Why? Because we had Ben Nelson, Blanche Lincoln, Joe LIEberman and other Blue Dogs and Corporate Democrats to worry about.

The problem is that the Democratic Party is not--and has never been--a monolith. We don't walk in lockstep. And that's the greatest strength of the party...and definitely its greatest weakness.

Because the Republicans have marginalized or discarded all of its liberals and moderates, it's easier for them to be cohesive and unified. Even so-called moderates like Olympia Snowe and Susan Collins started talking the crazy wingnut crap and going along with their party on everything. They are Republicans, first! Then, Americans. That has become so much clearer to me in the last 10 years or so. They don't care anything about the average American and his/her well being. They could care less. All they care about is power and filling the pockets of the rich, the corporations and the power elite. That's all.

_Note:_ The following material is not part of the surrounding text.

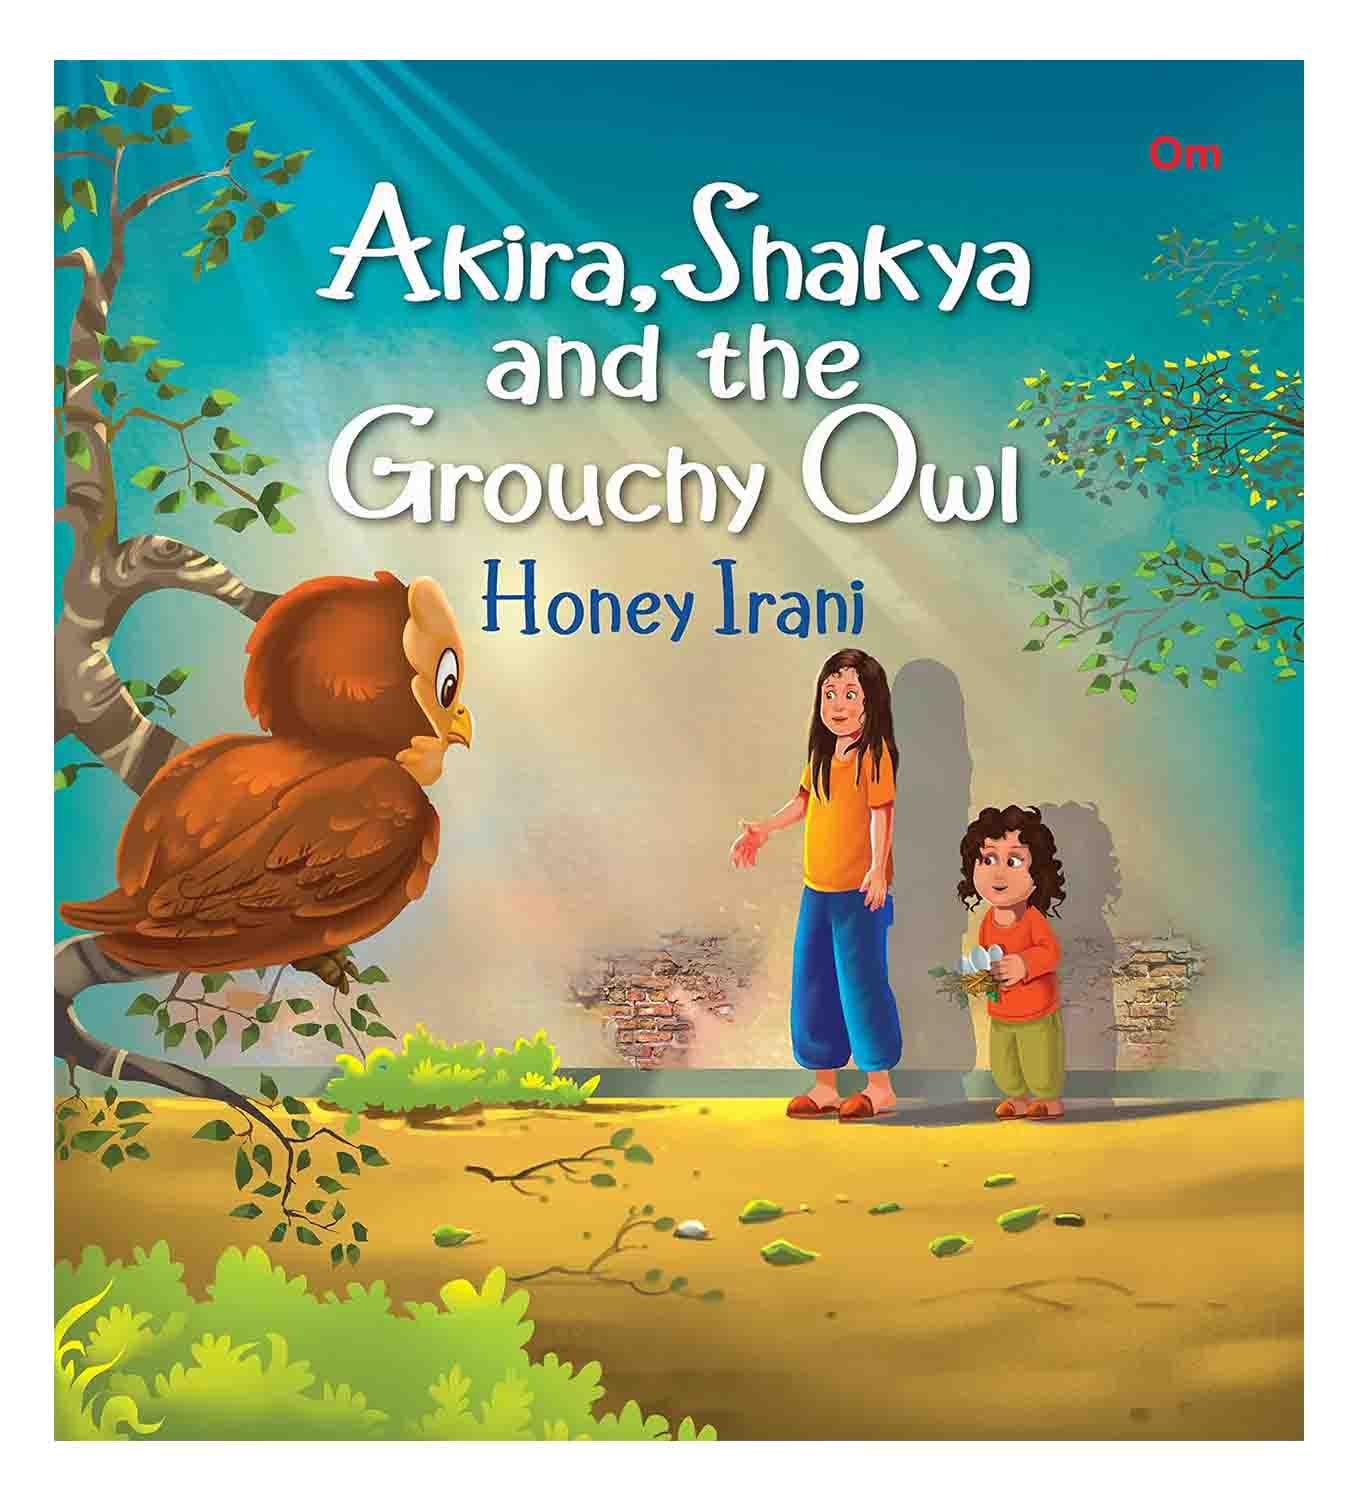 Om Books International Akira, Shakya and the Grouchy Owl - 9789395701068

The Democrats have to contend with this.

Obama can't be blamed in as much as he has had to deal with the corporatists in the party.

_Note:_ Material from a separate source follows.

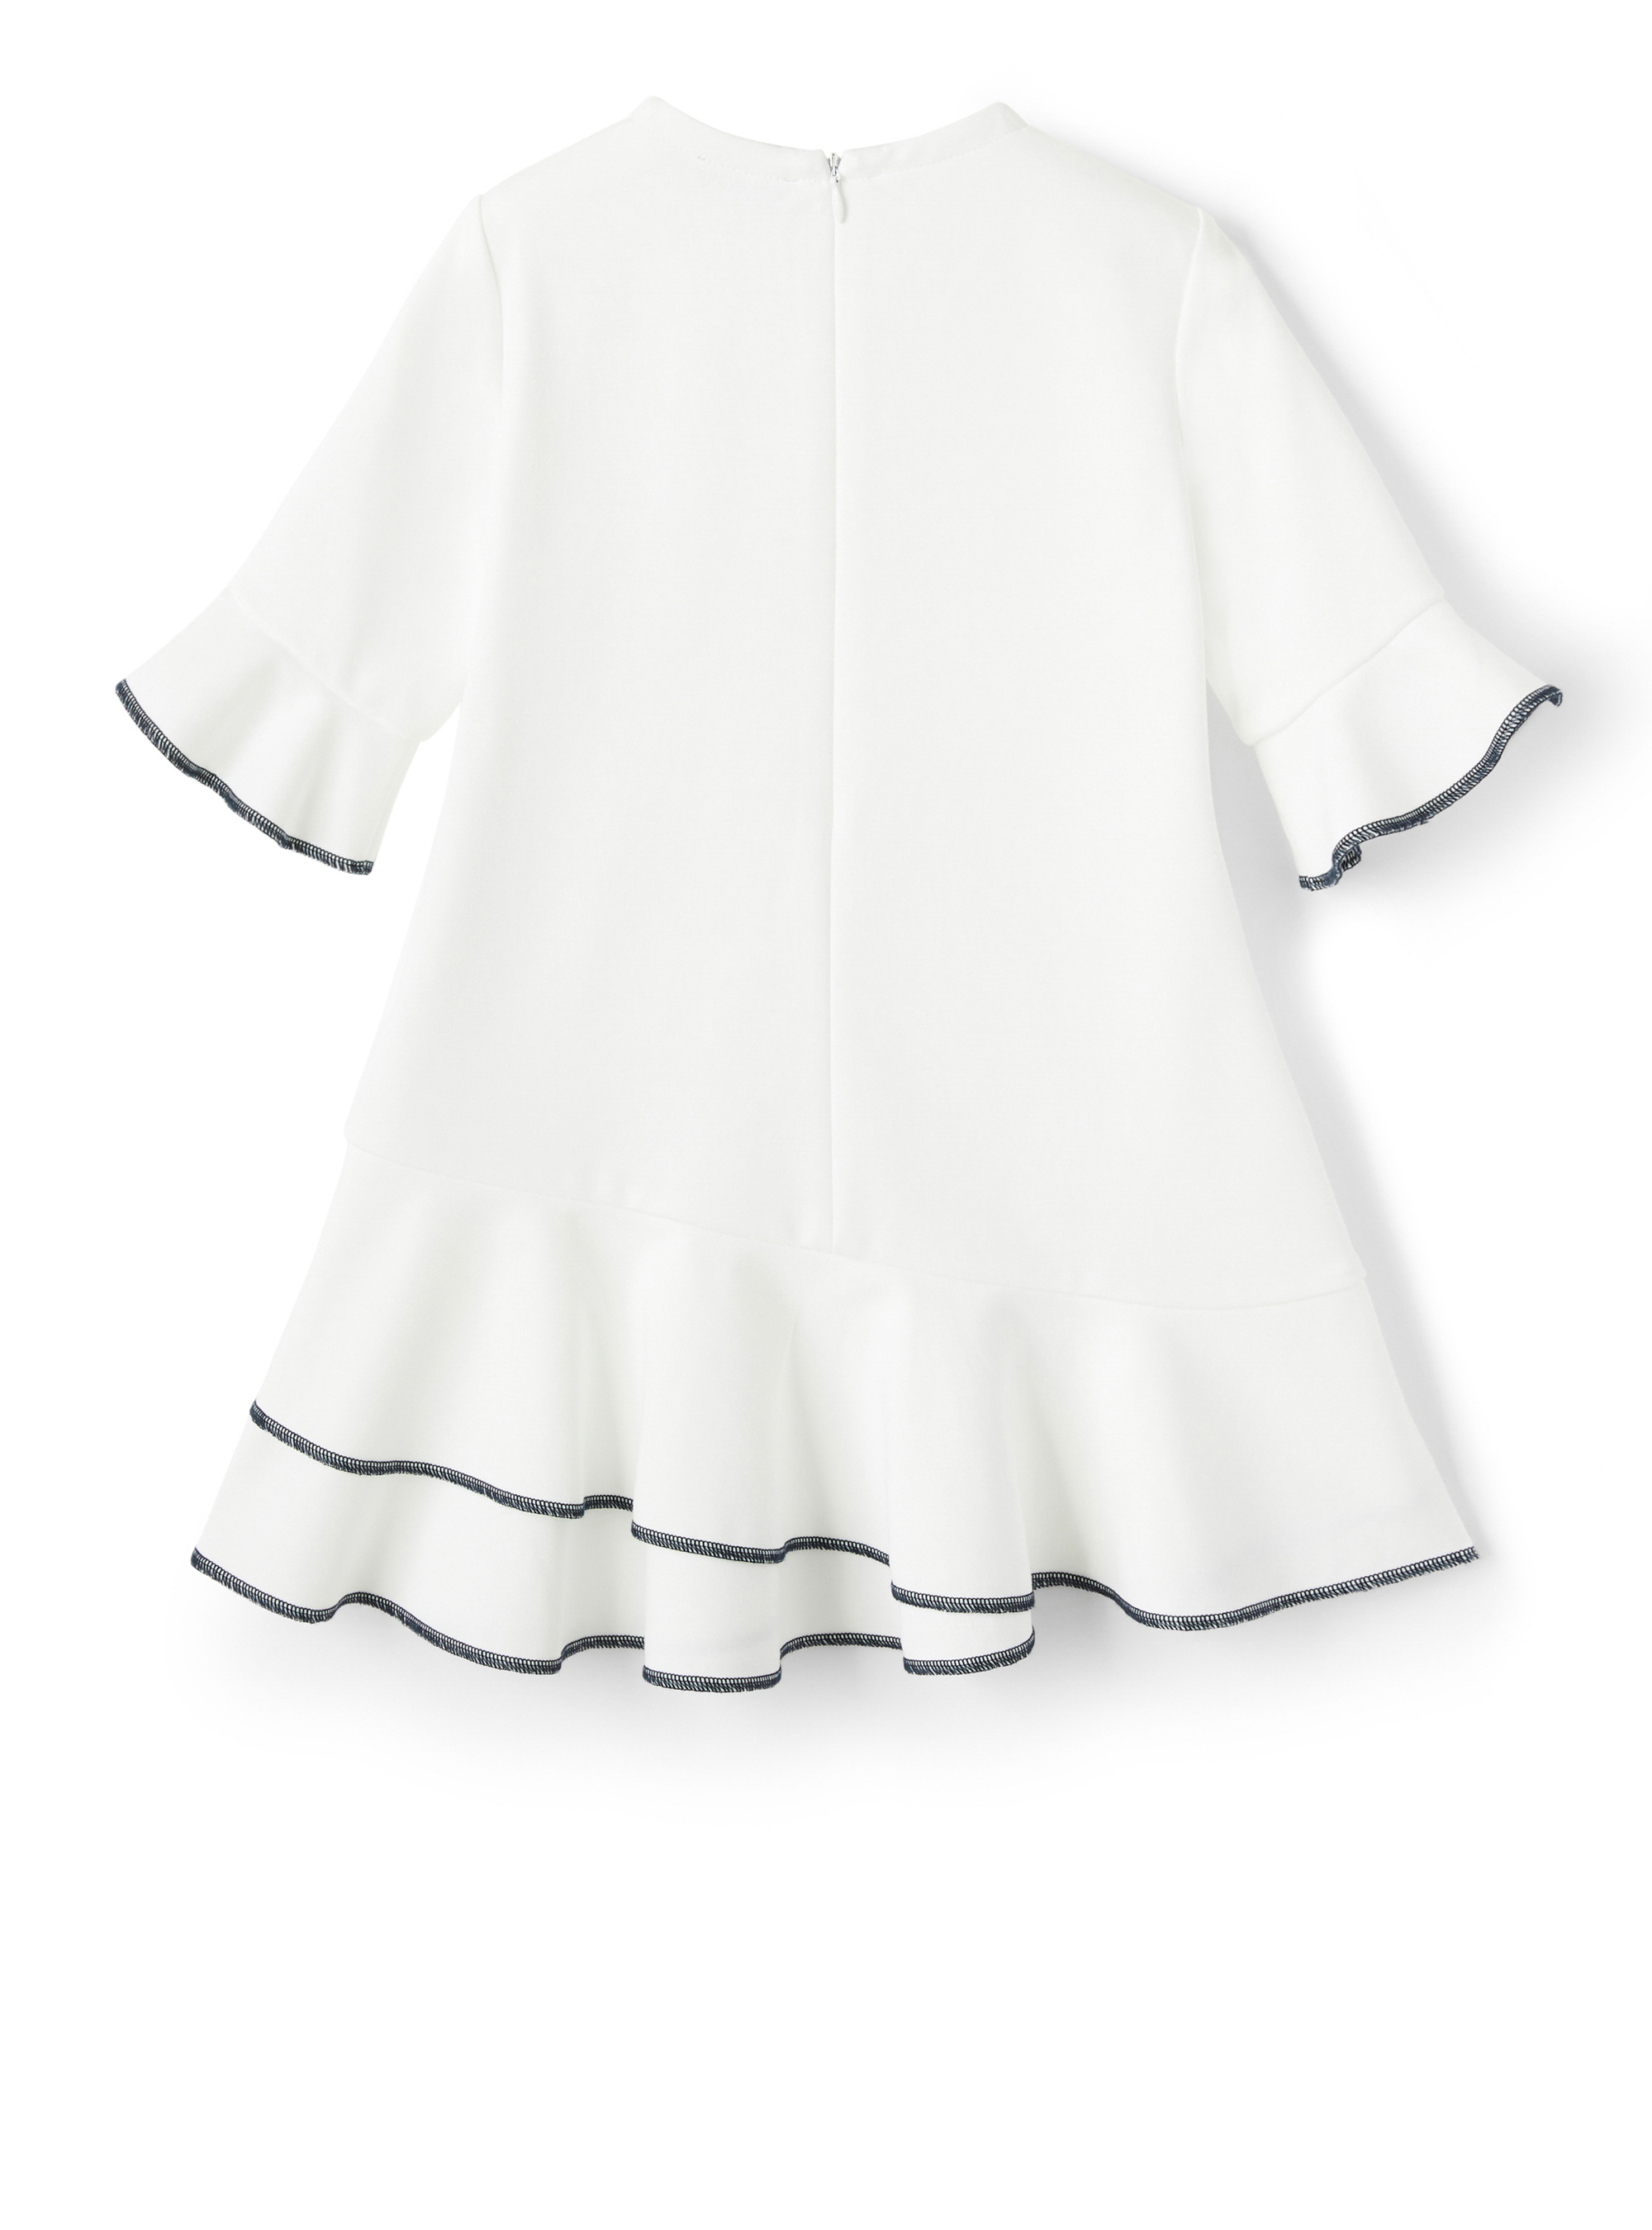 Rome stitch dress with flounces - White | Il Gufo

And Nancy Pelosi is a true American hero! I may not have supported her in all of her decisions, but the fact that she fearlessly got things done and stood up to the Republicans has changed my view.

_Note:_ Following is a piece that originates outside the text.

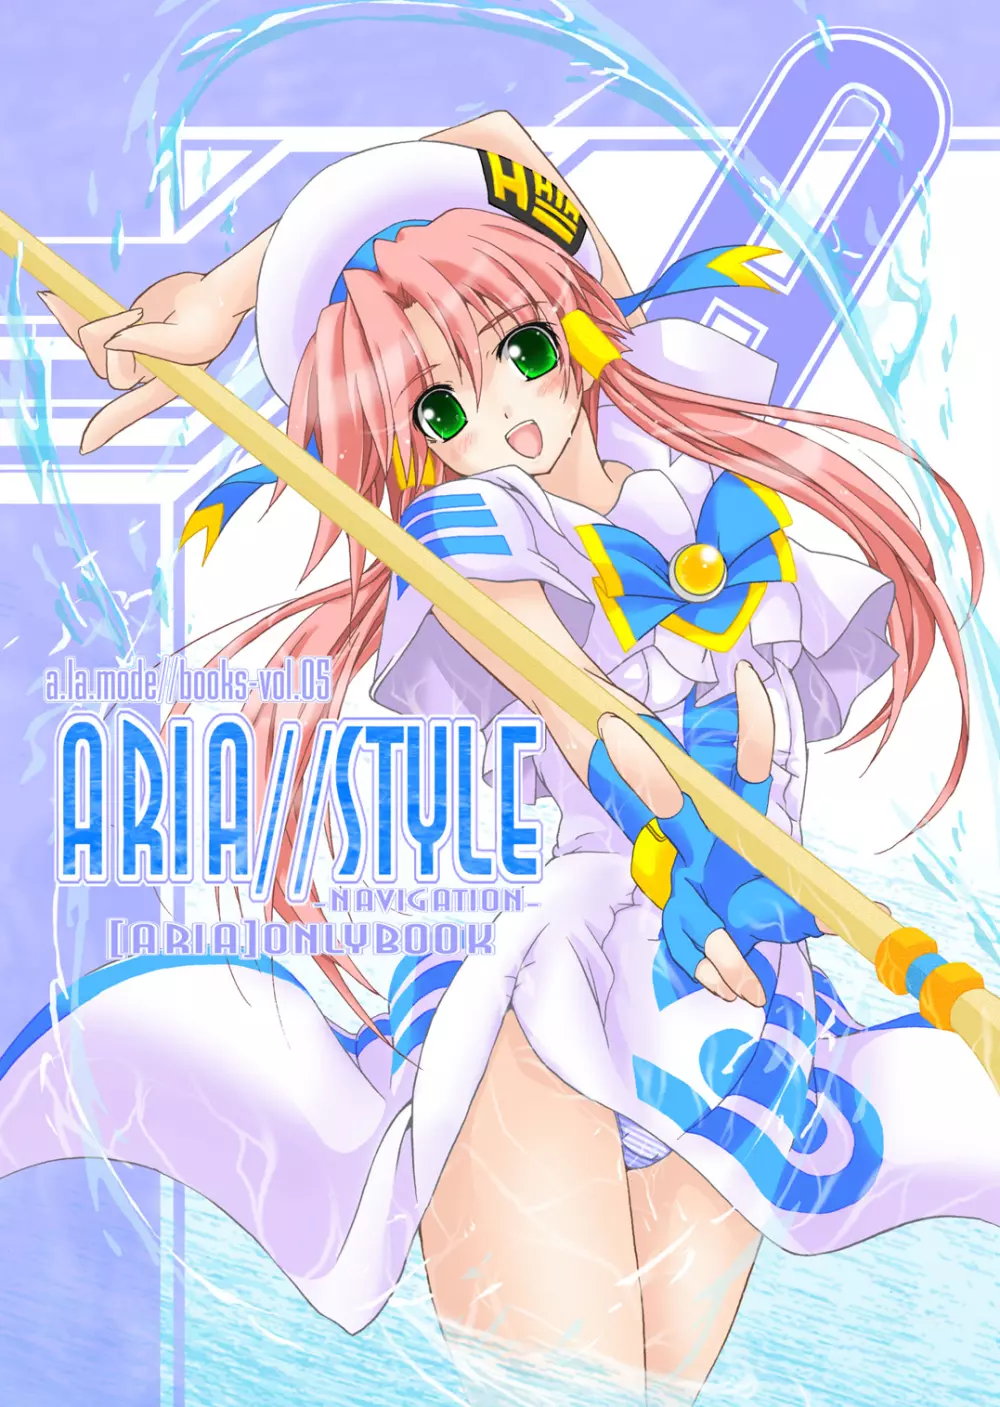 ARIA//Style -Navigation-
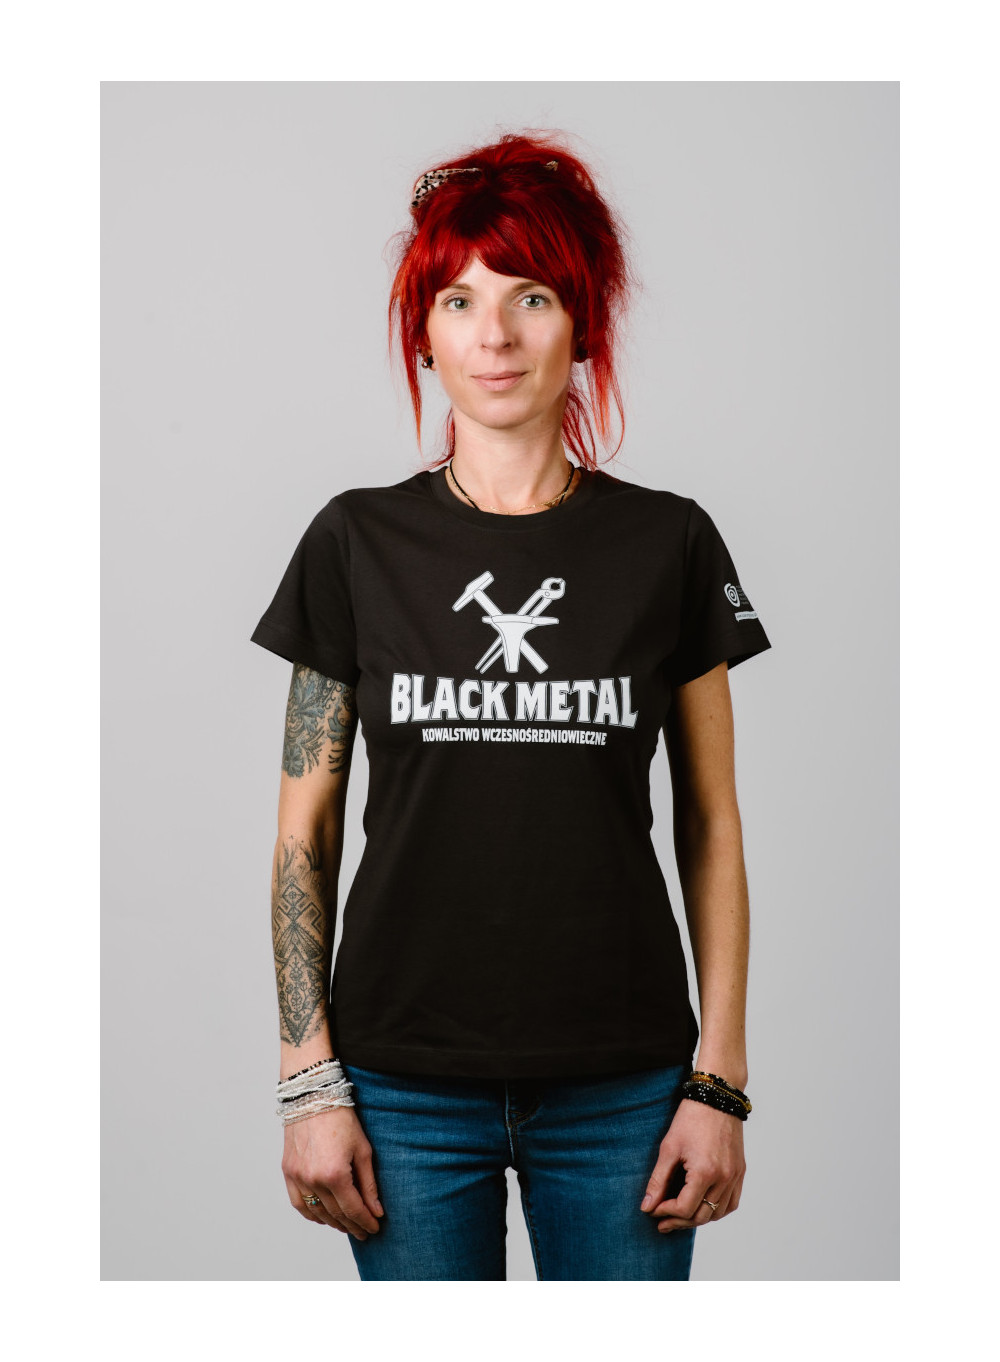 Koszulka Black metal damska

The saddest aspect of this year's elections is not that the Democrats may lose power, but that those Democrats who weren't cowards and who did the right thing--like Feingold and Boxer, for instance--may end up being punished by voters even though they were the true champions and leaders.

To me, that's the saddest part of this narrative; it's the one that has made me most depressed.

But I'm not giving up. I'm still going to work hard to GOTV and make phone calls, and donate some time and money, since I live in a safely Democratic district (Van Hollen).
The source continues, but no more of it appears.